Open Sourcing Unity Catalog

Type

On-Demand Video

Duration

5 minutes 31 seconds

Social

What you’ll learn

In this video, you will learn about Unity Catalog, the industry’s first open source catalog for data and AI governance across clouds, data formats and data platforms. Here are the most important pillars of the Unity Catalog vision:

  • Open source API and implementation: It is built on OpenAPI spec and an open source server implementation under Apache License 2.0. It is also compatible with Spark Hive Metastore API and the Apache Iceberg™ REST API.
  • Multi-format support: It is extensible and supports Delta Lake, Apache Iceberg via UniForm, Apache Parquet, CSV and all the other formats out there.
  • Multi-engine support: With its open APIs, Unity Catalog allows cataloged data to be read by virtually all compute engines.
  • Multimodal: It supports all your data and AI assets, including tables, files, functions and AI models.
  • Vibrant ecosystem: This is a community effort and we are extremely excited to be supported by Amazon Web Services, Microsoft Azure, Google Cloud, NVIDIA, Salesforce, DuckDB, LangChain, dbt Labs, Fivetran, Confluent, Unstructured, Onehouse, Immuta, Informatica and many more.
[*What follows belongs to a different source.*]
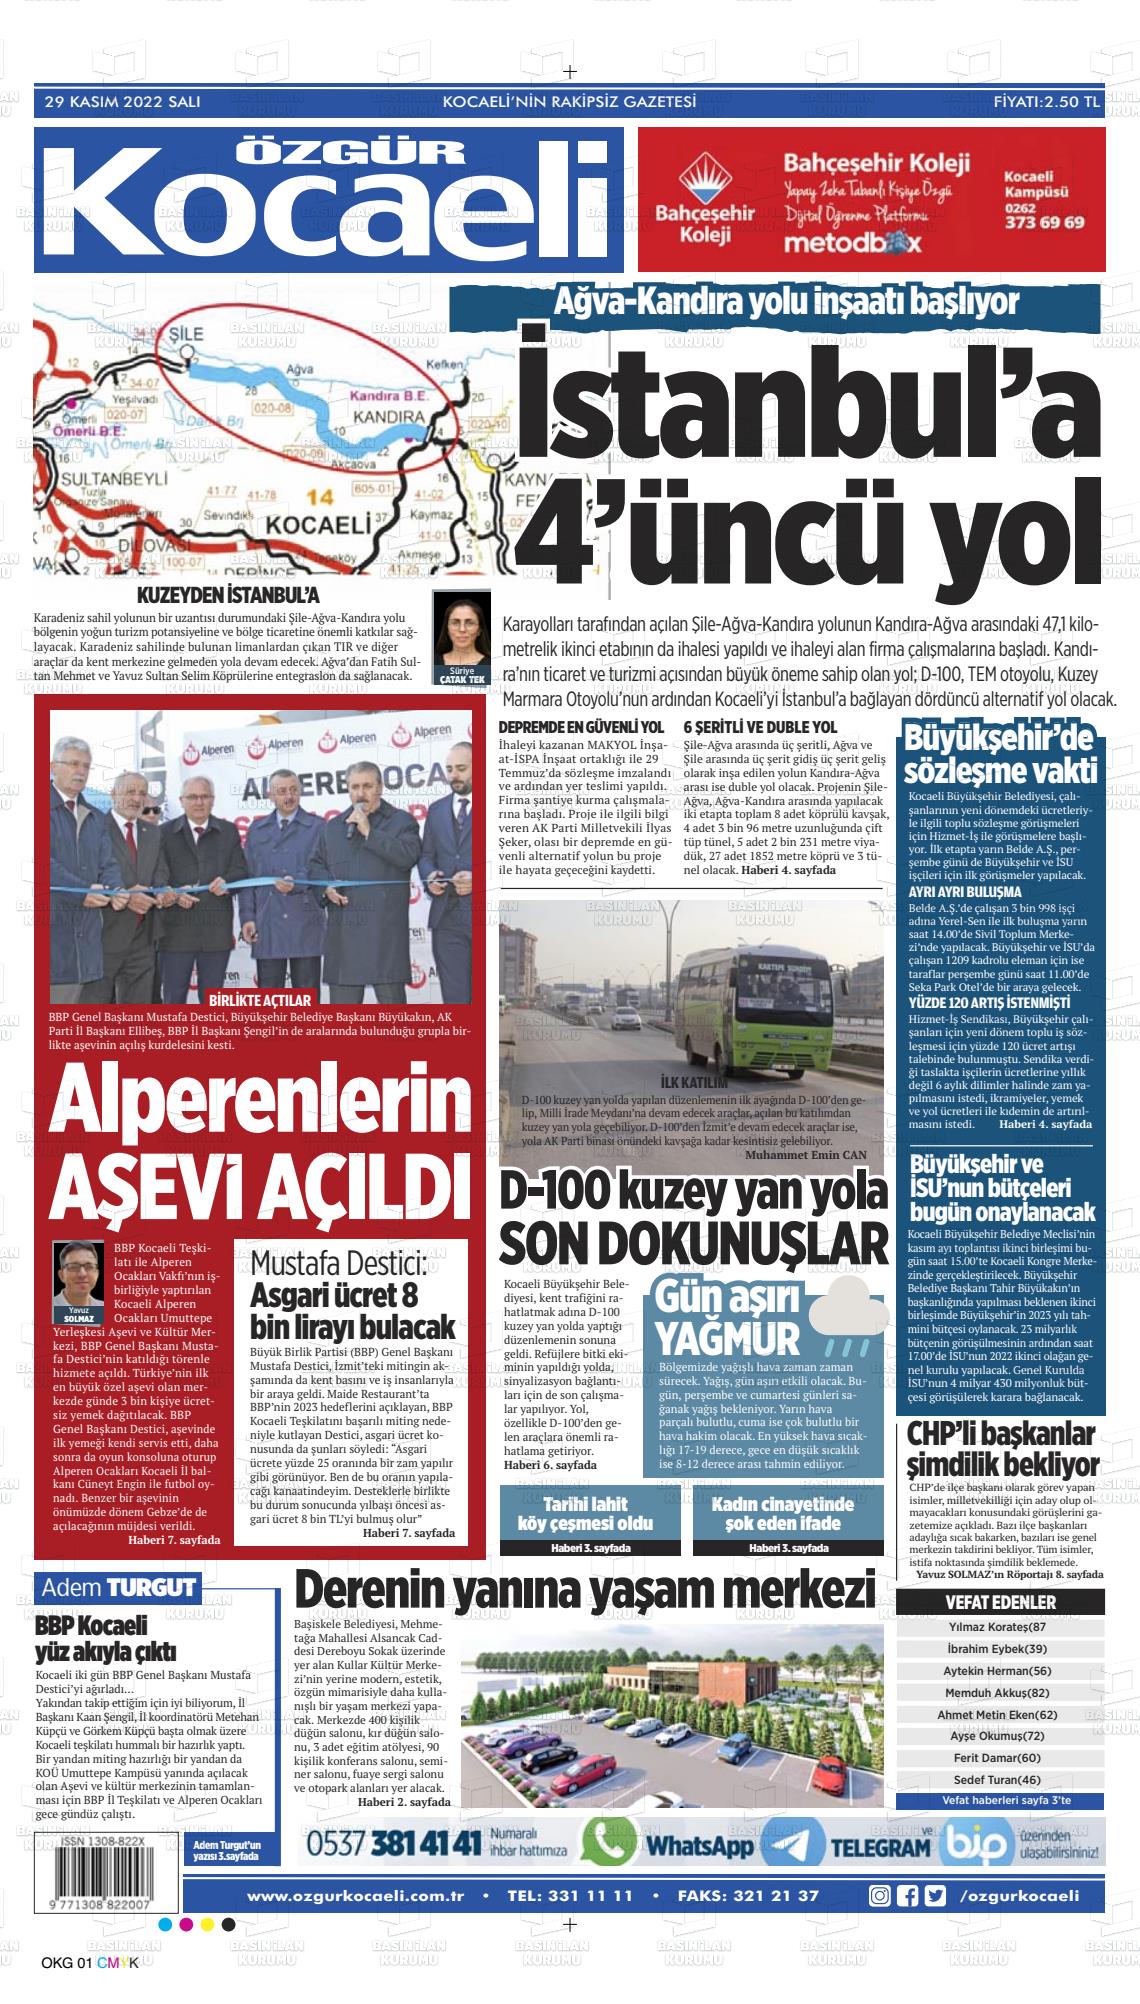 29 Kasım 2022 Özgür Kocaeli Gazete Manşeti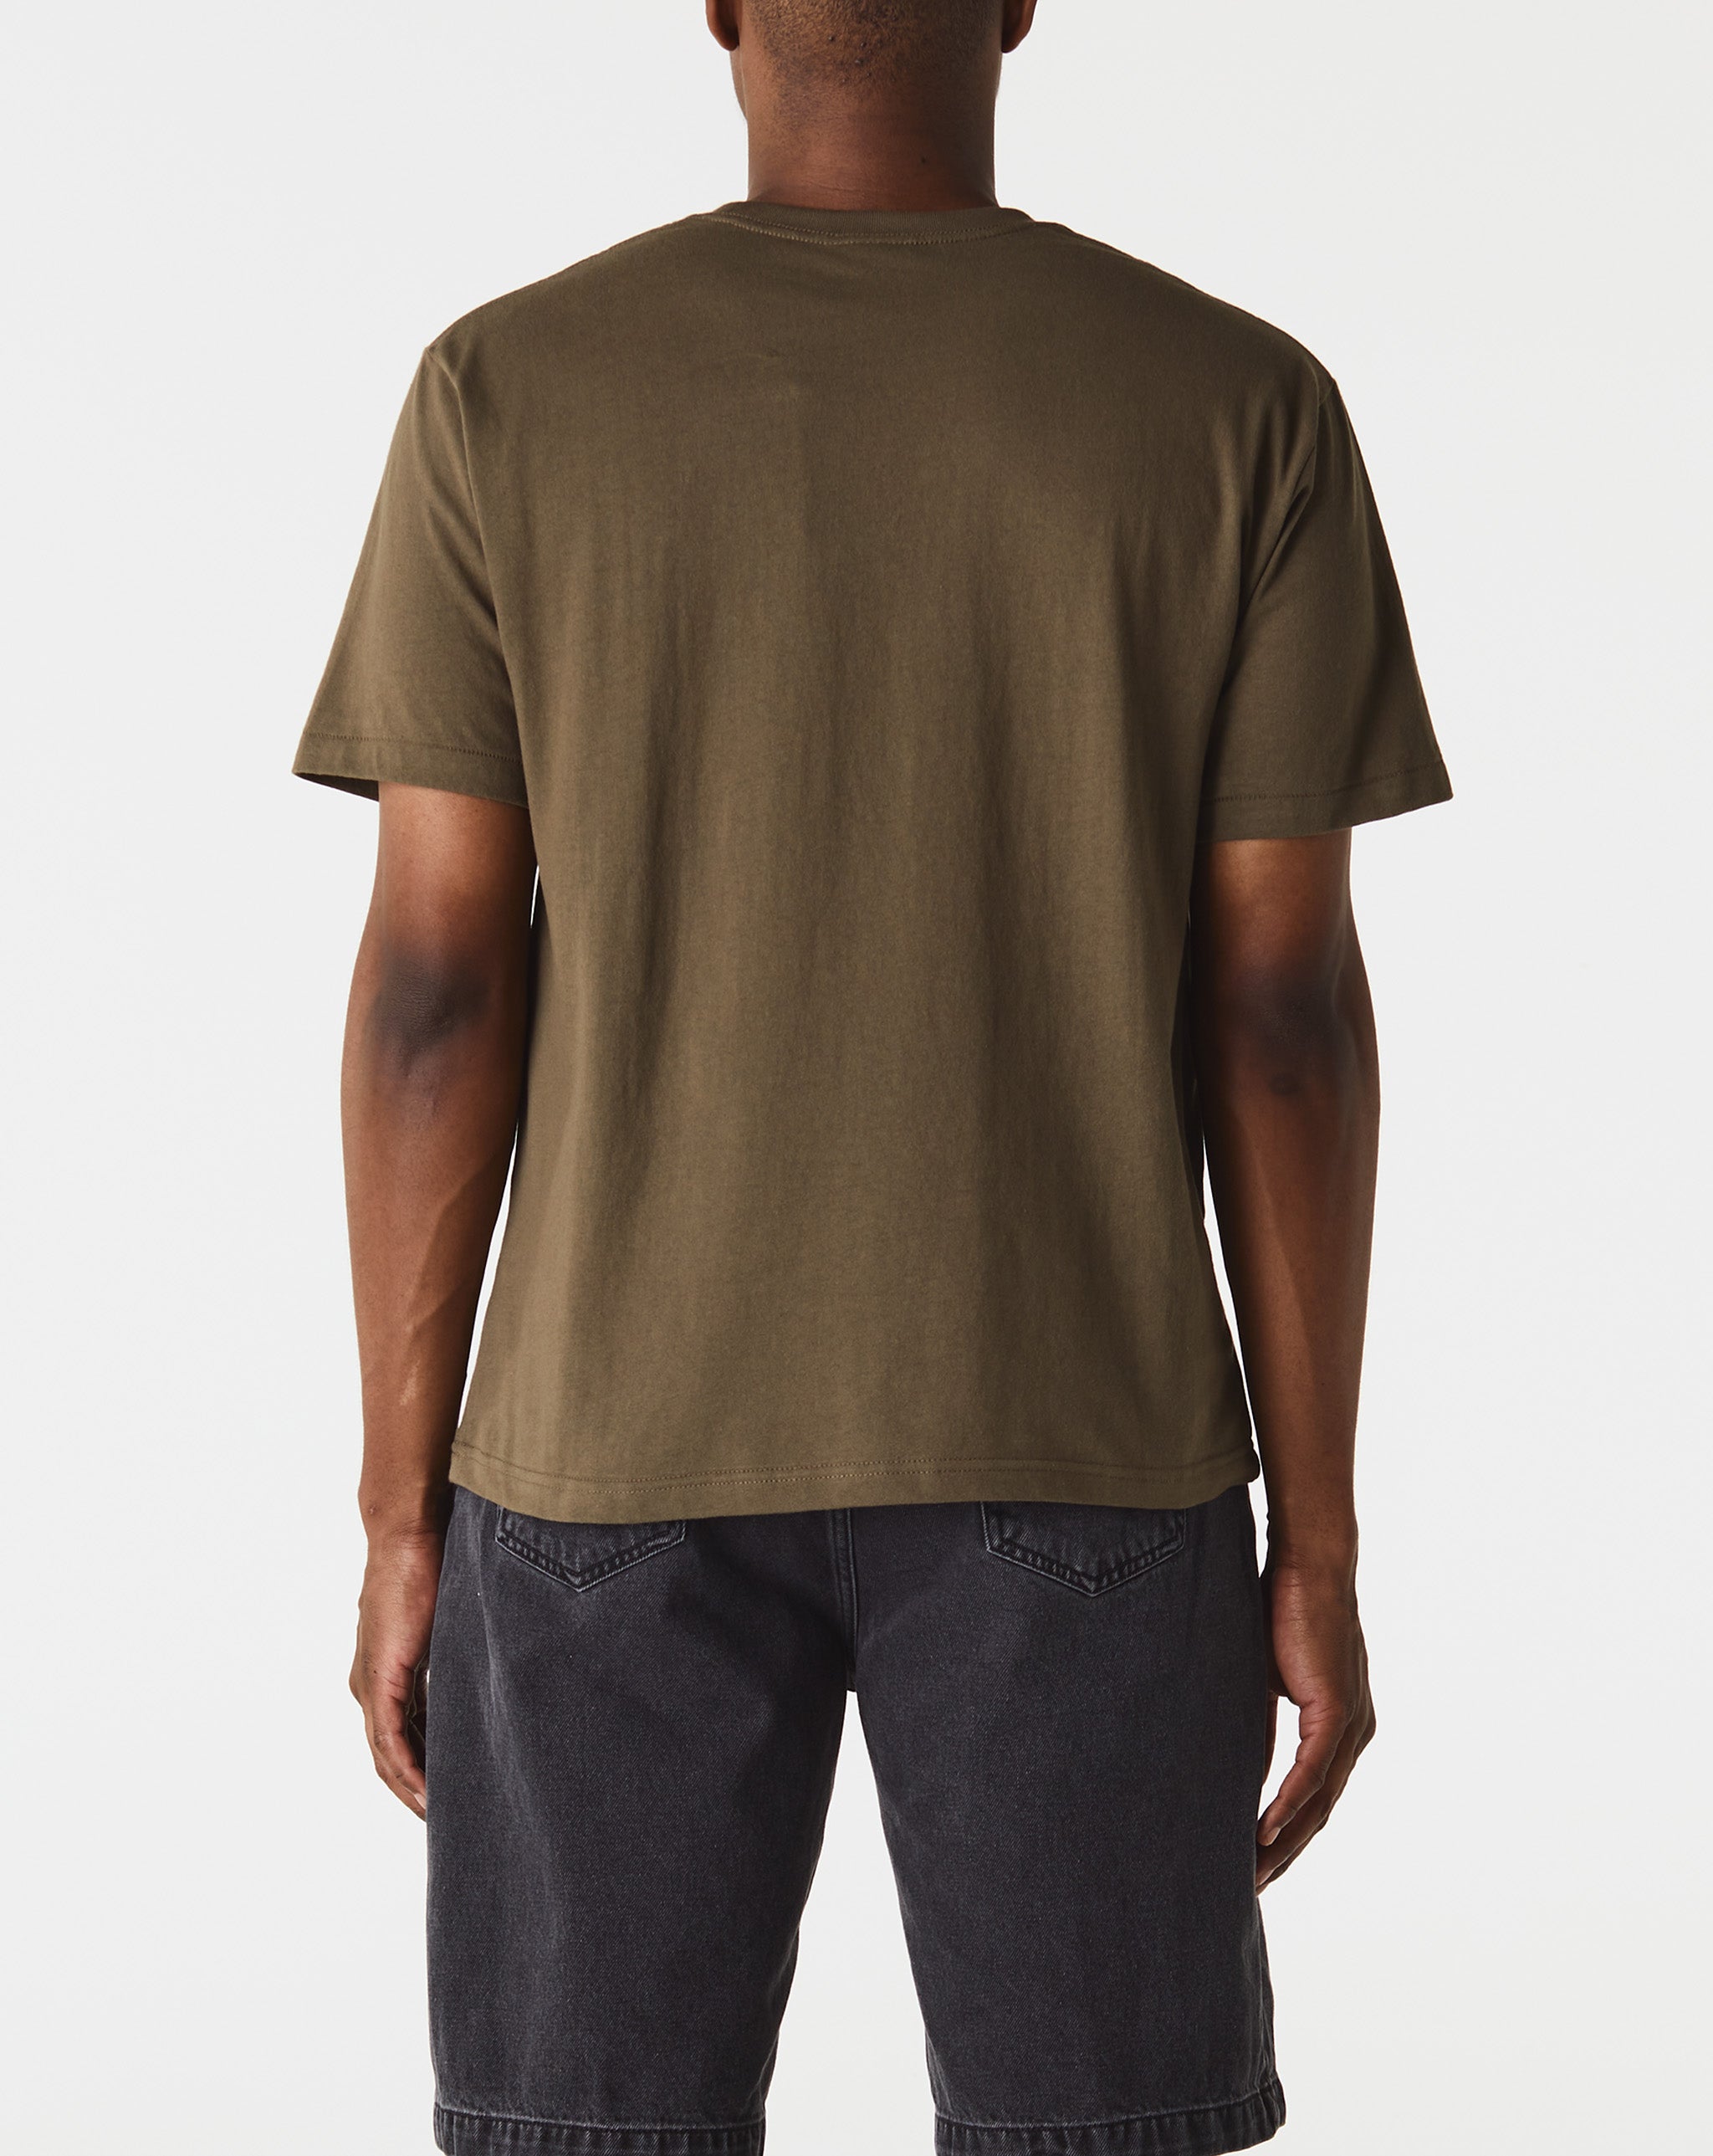 nouvelle FTW Reflective T-Shirt  - Cheap Urlfreeze Jordan outlet

The project is available on GitHub today as the first step in our journey toward bringing the Unity Catalog vision into open source. Unity Catalog is hosted at LF AI & Data, an umbrella foundation of the Linux Foundation that supports open source innovation in artificial intelligence and data, and we are excited to work with the open source communities in the many years to come to realize this vision.